DATASET EXCERPT>
§
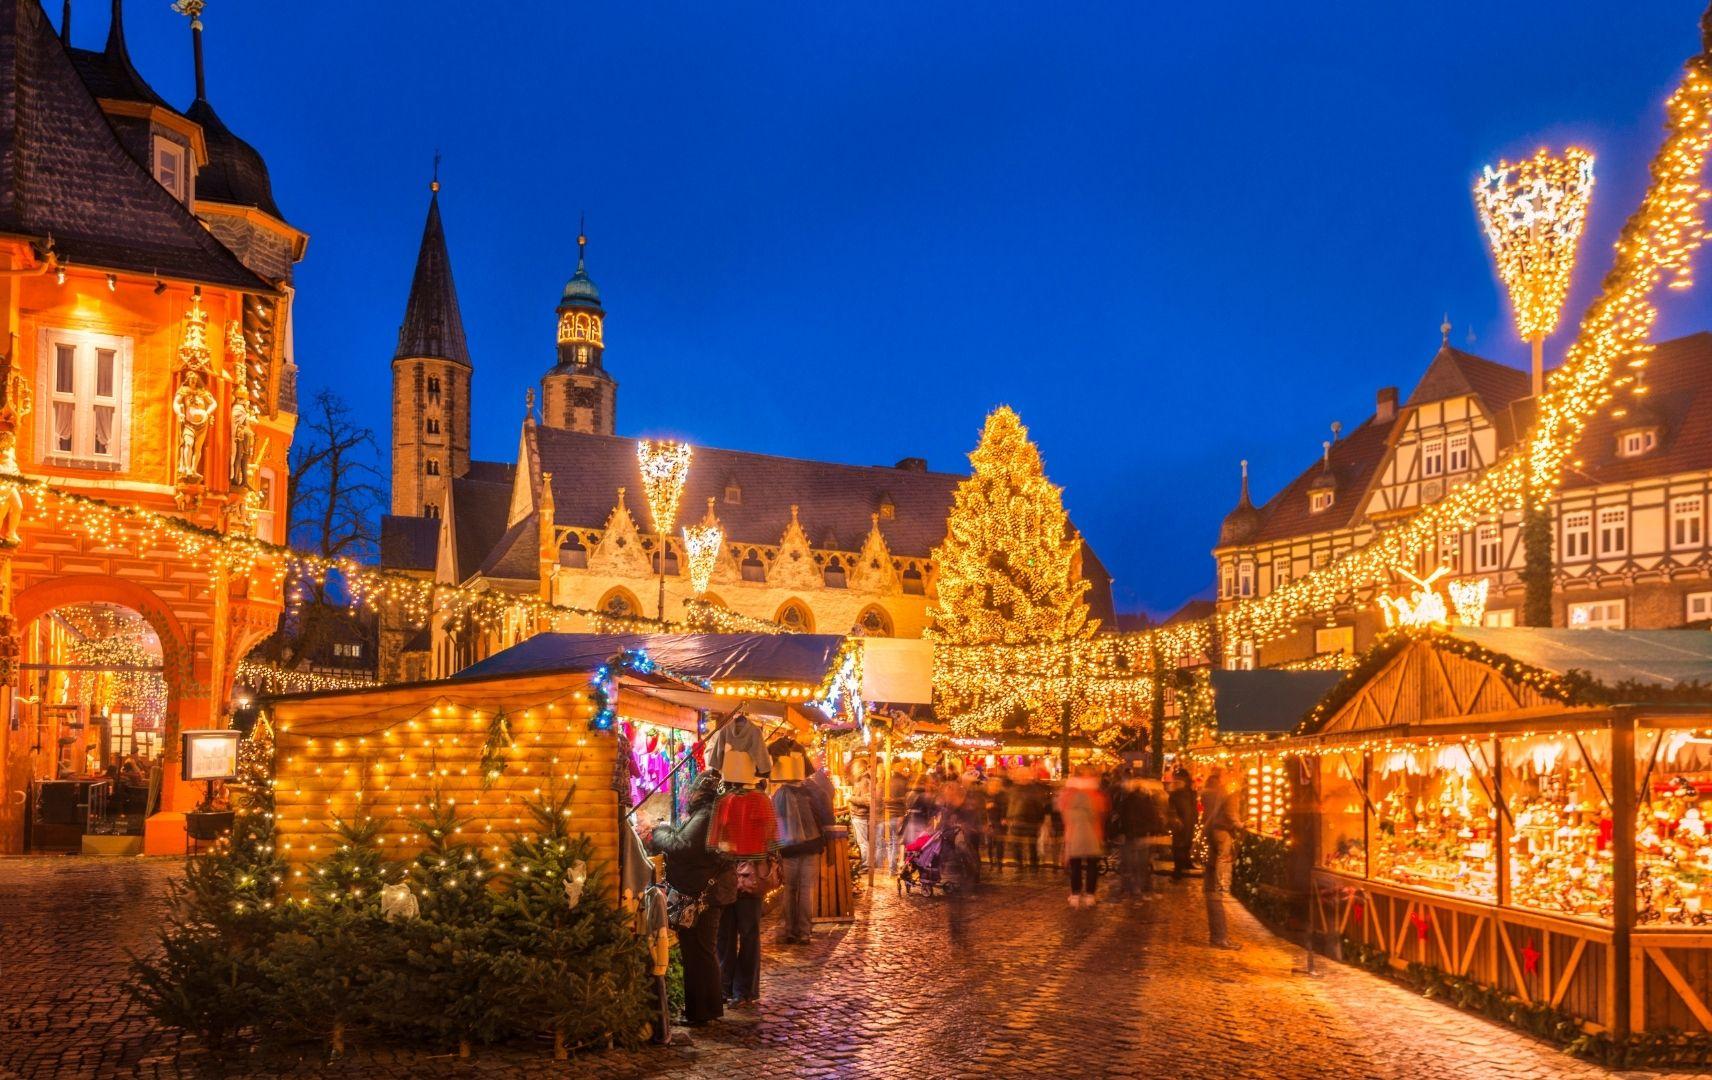 Weihnachten - Weihnachtsmarkt Goslar
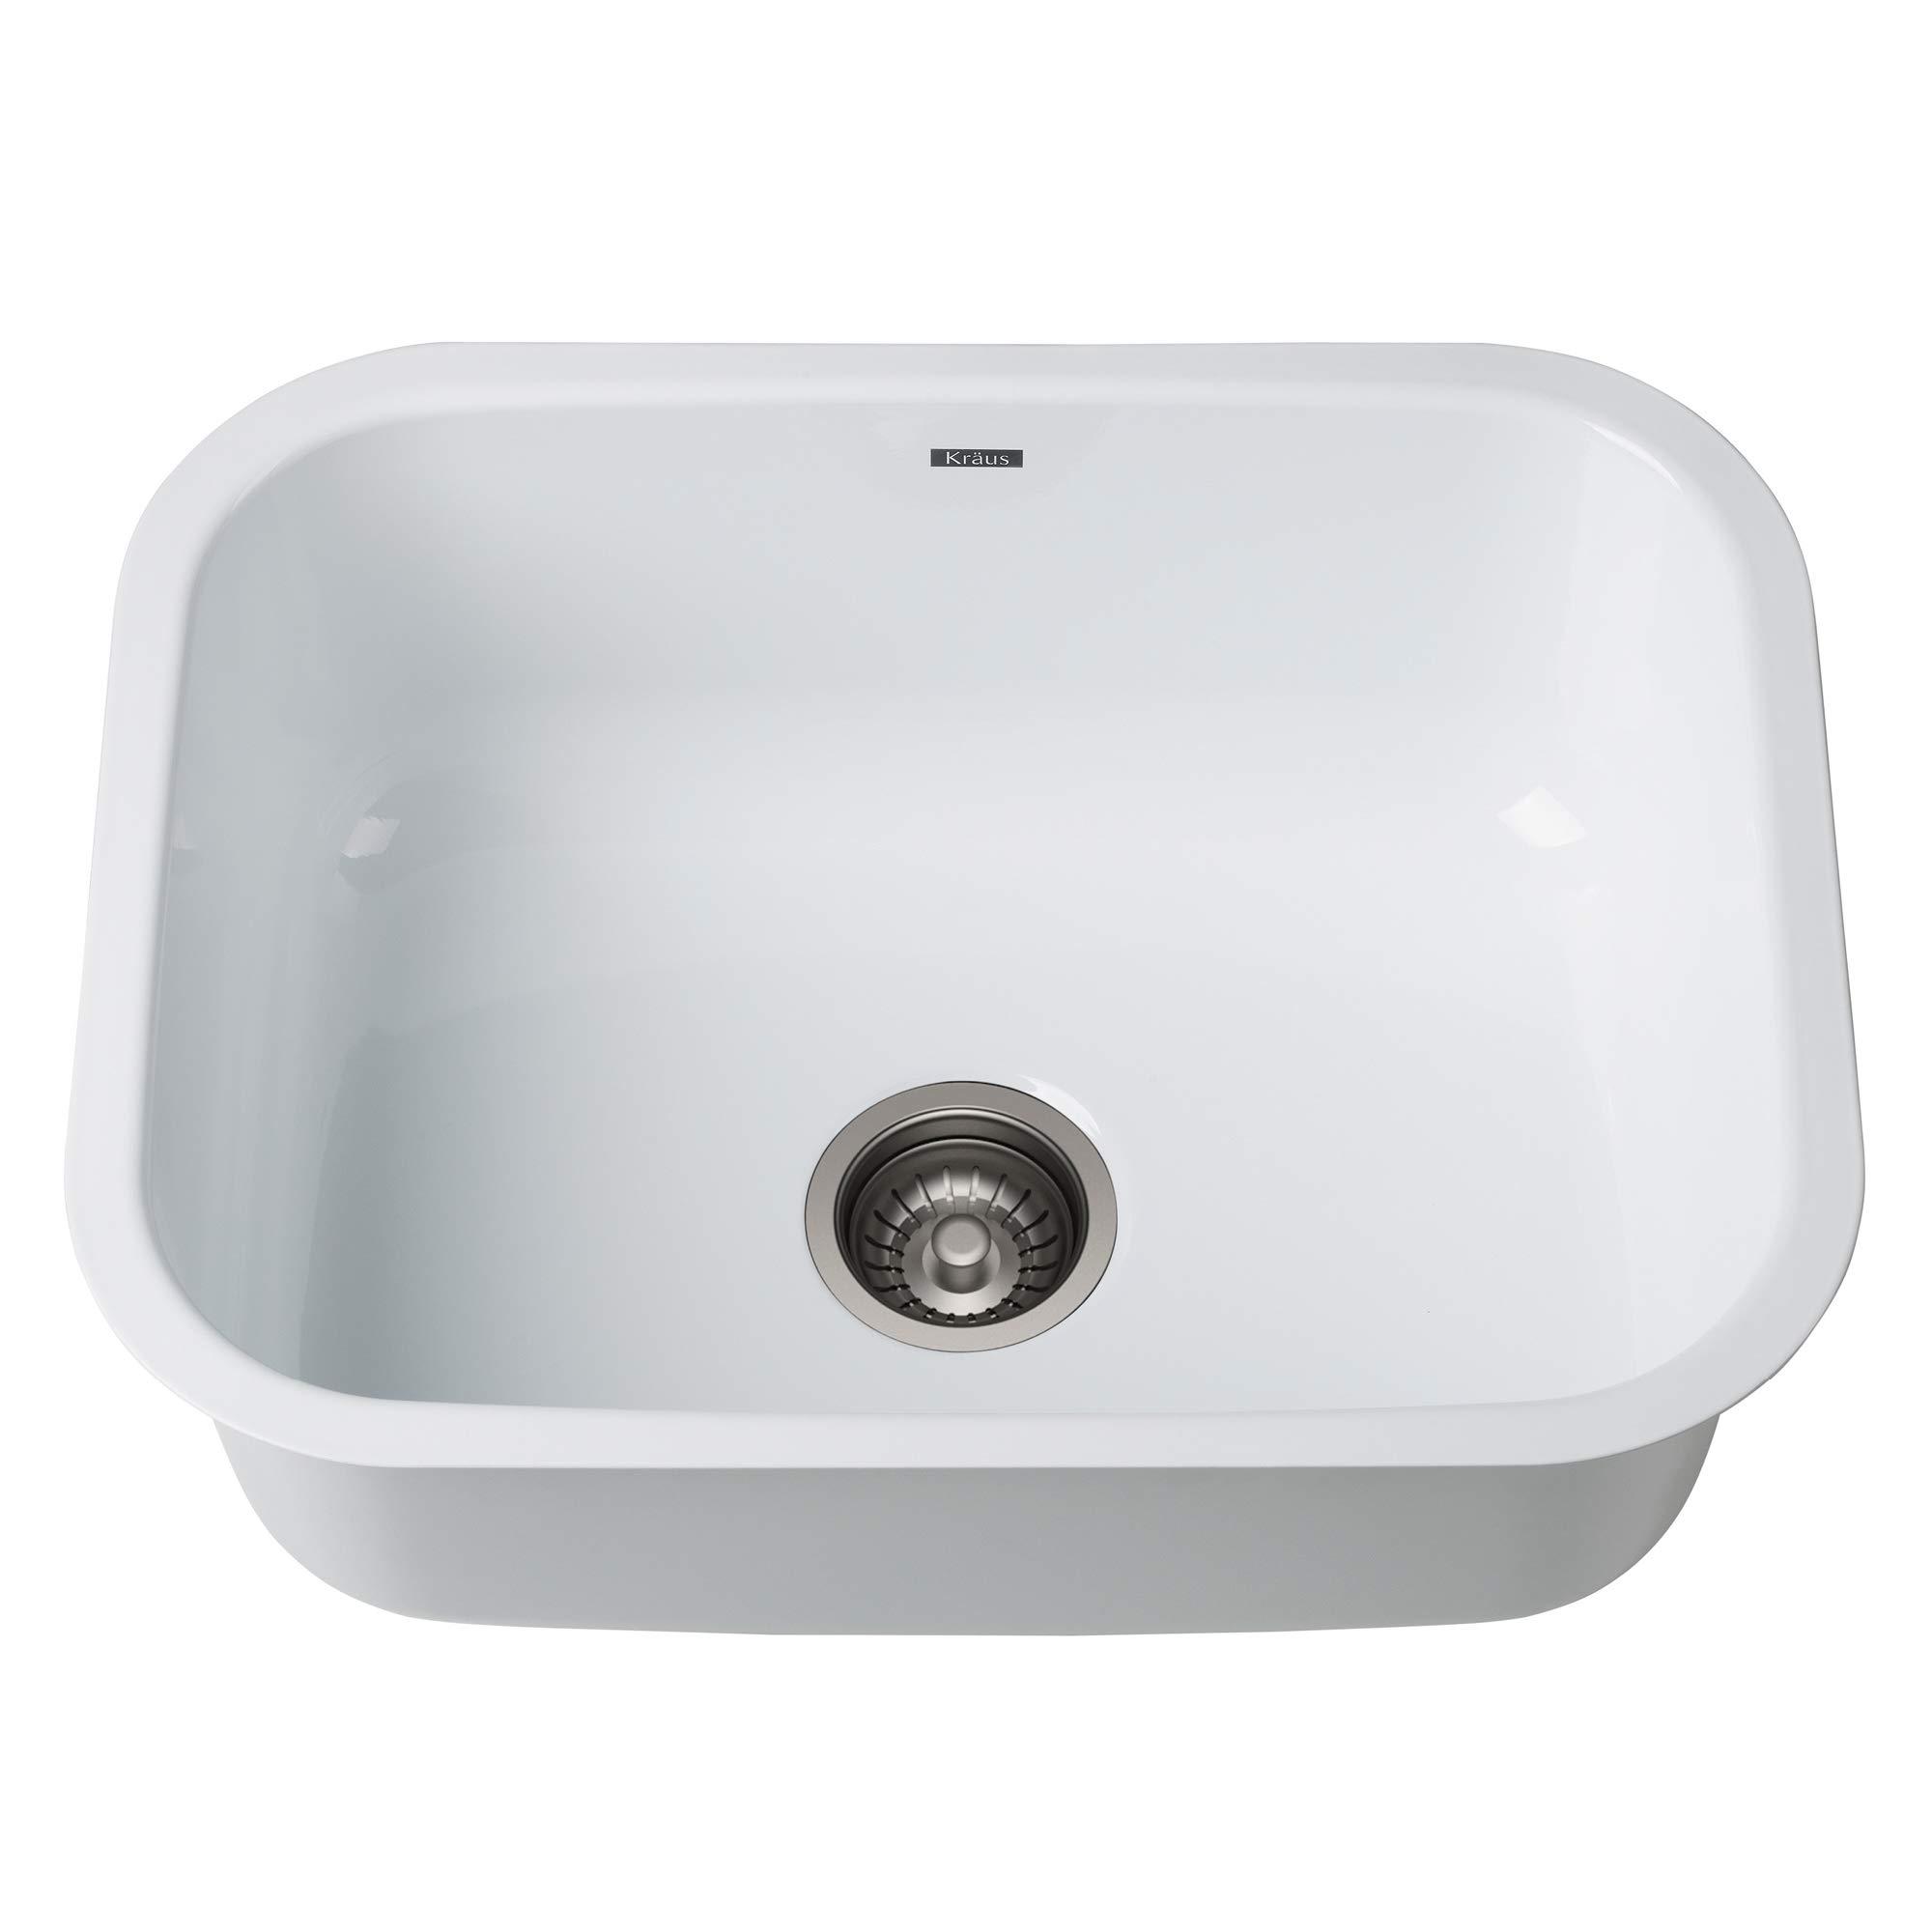 KRAUS KEU-12WHITE Pintura 16 Gauge Undermount Single Bowl Enameled Stainless Steel Kitchen Sink, 23-inch, White by Kraus
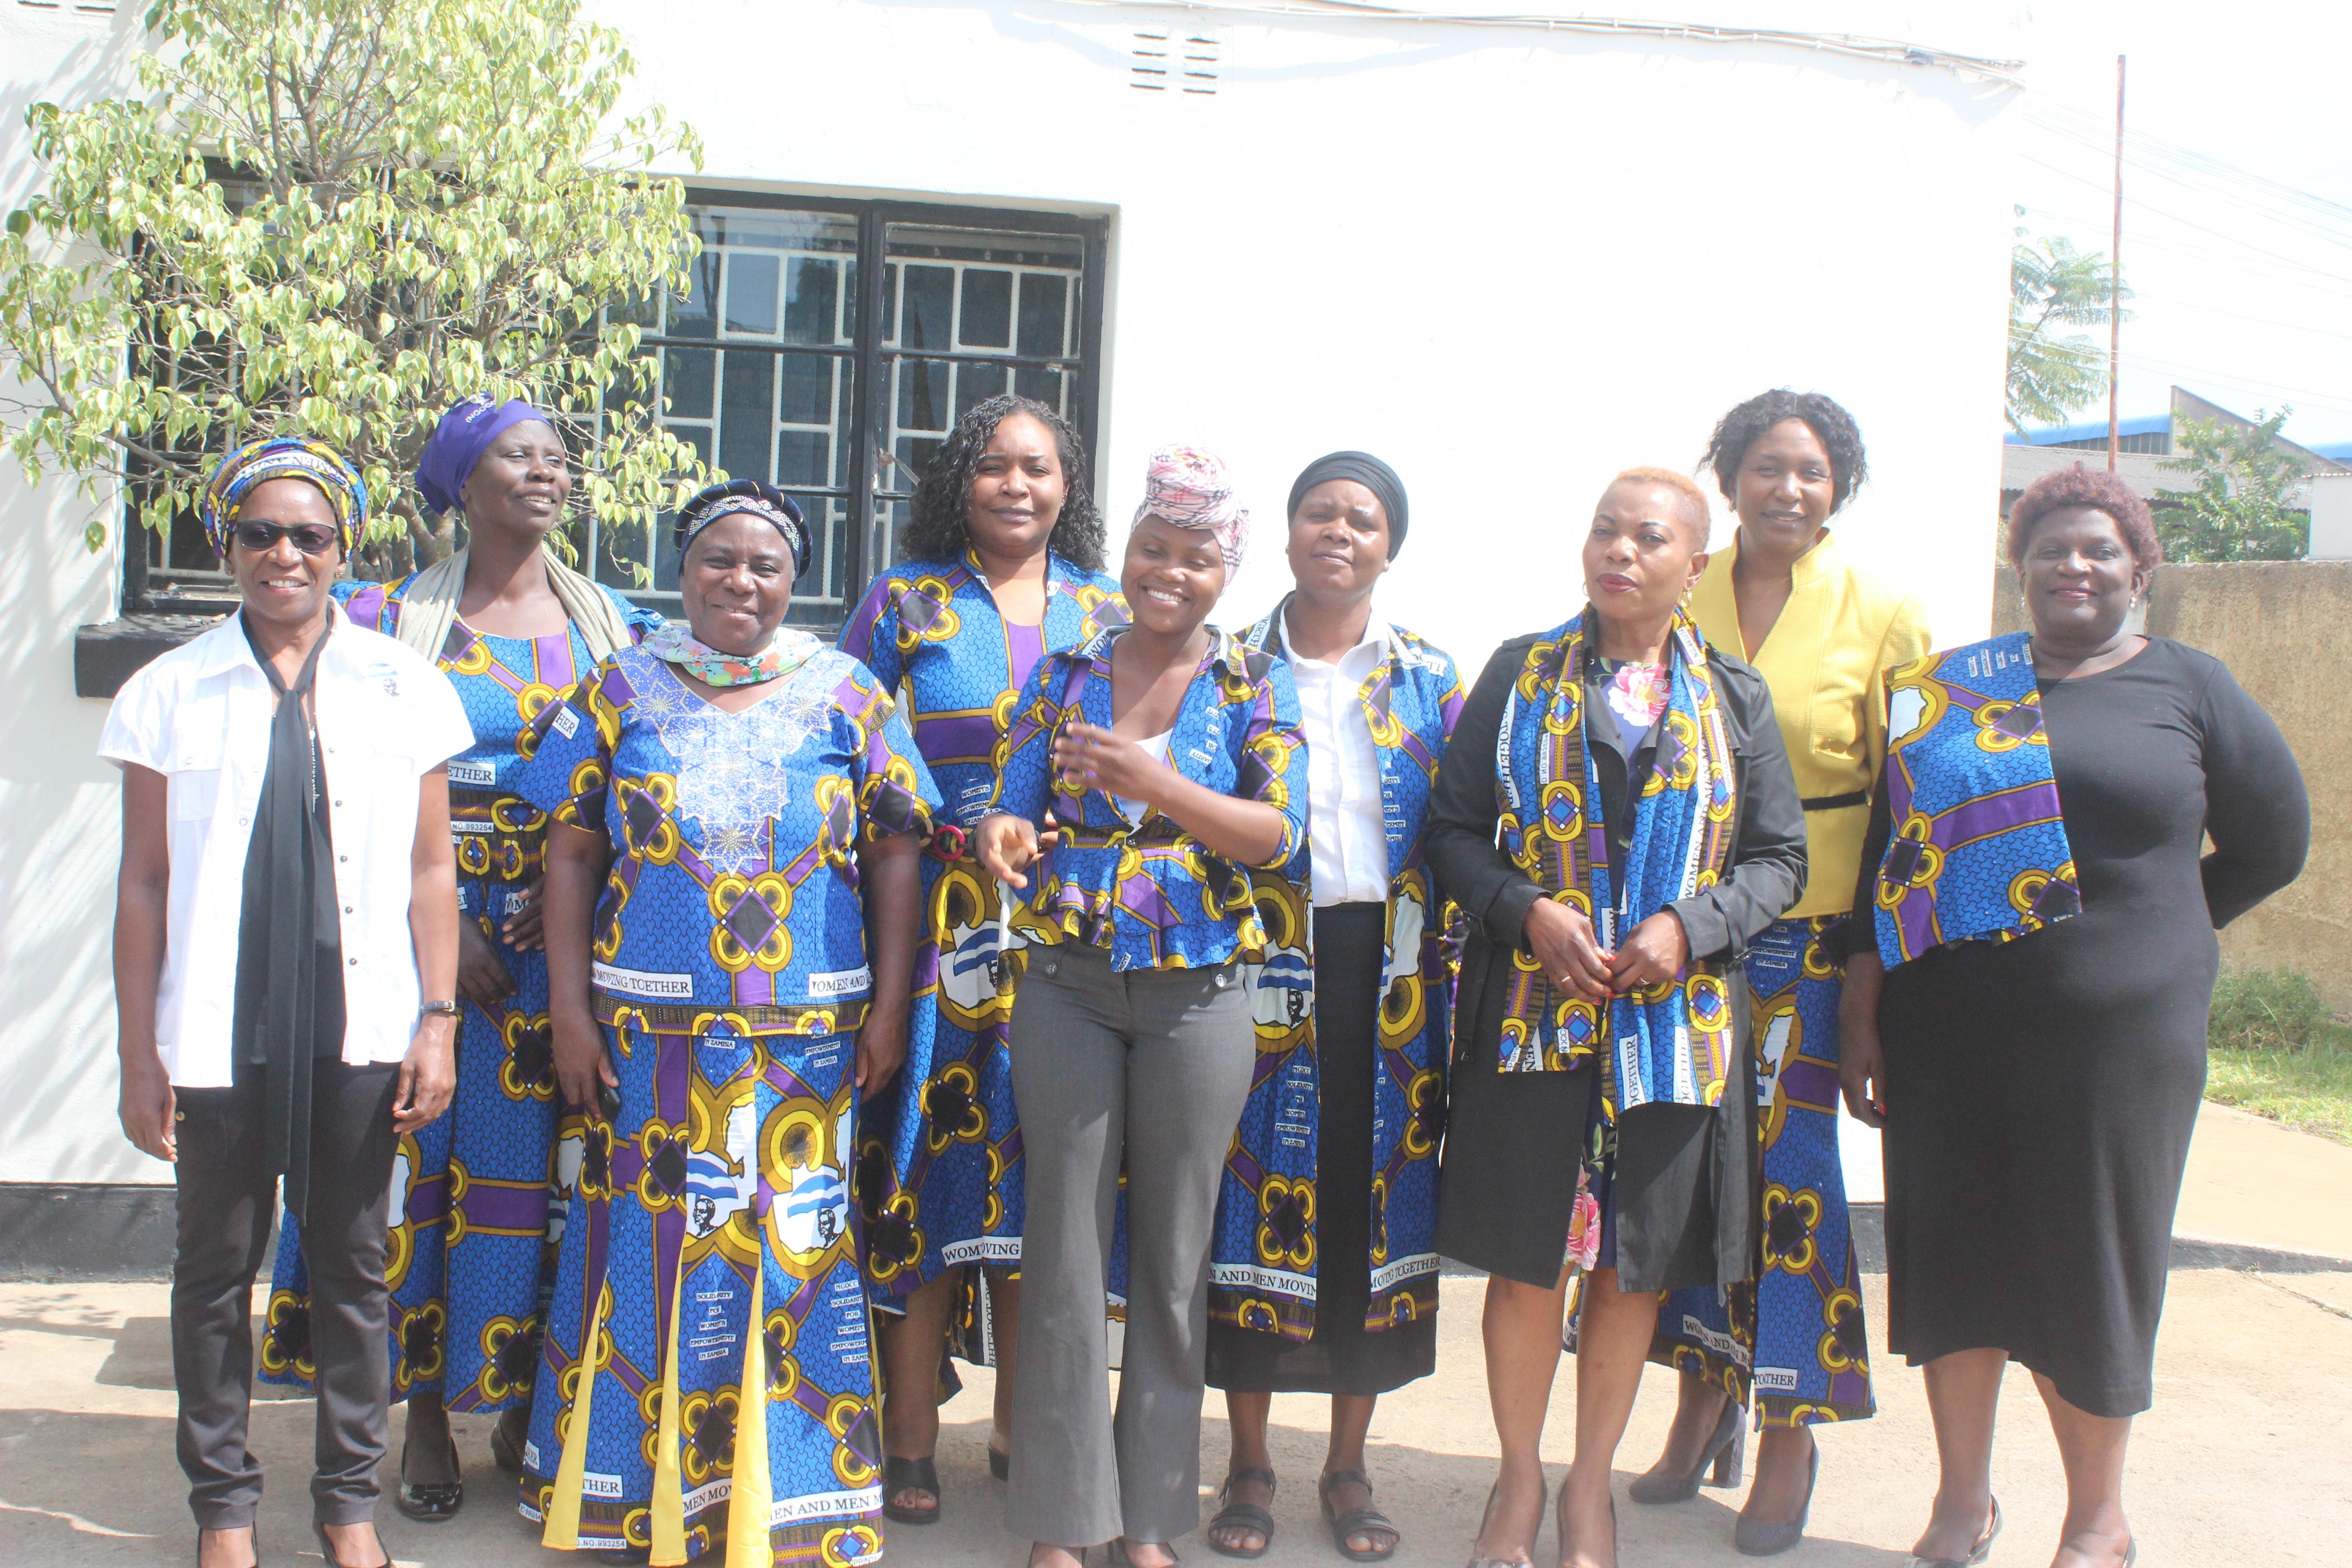 MARY MULENGA IS NEW NGOCC CHAIR
§
ASSIGNED TASK>
Exclude the pictures and give back the rest of the data above exactly as written.

OUTPUT OF THE EXERCISE>
 Weihnachten - Weihnachtsmarkt Goslar
 KRAUS KEU-12WHITE Pintura 16 Gauge Undermount Single Bowl Enameled Stainless Steel Kitchen Sink, 23-inch, White by Kraus
 MARY MULENGA IS NEW NGOCC CHAIR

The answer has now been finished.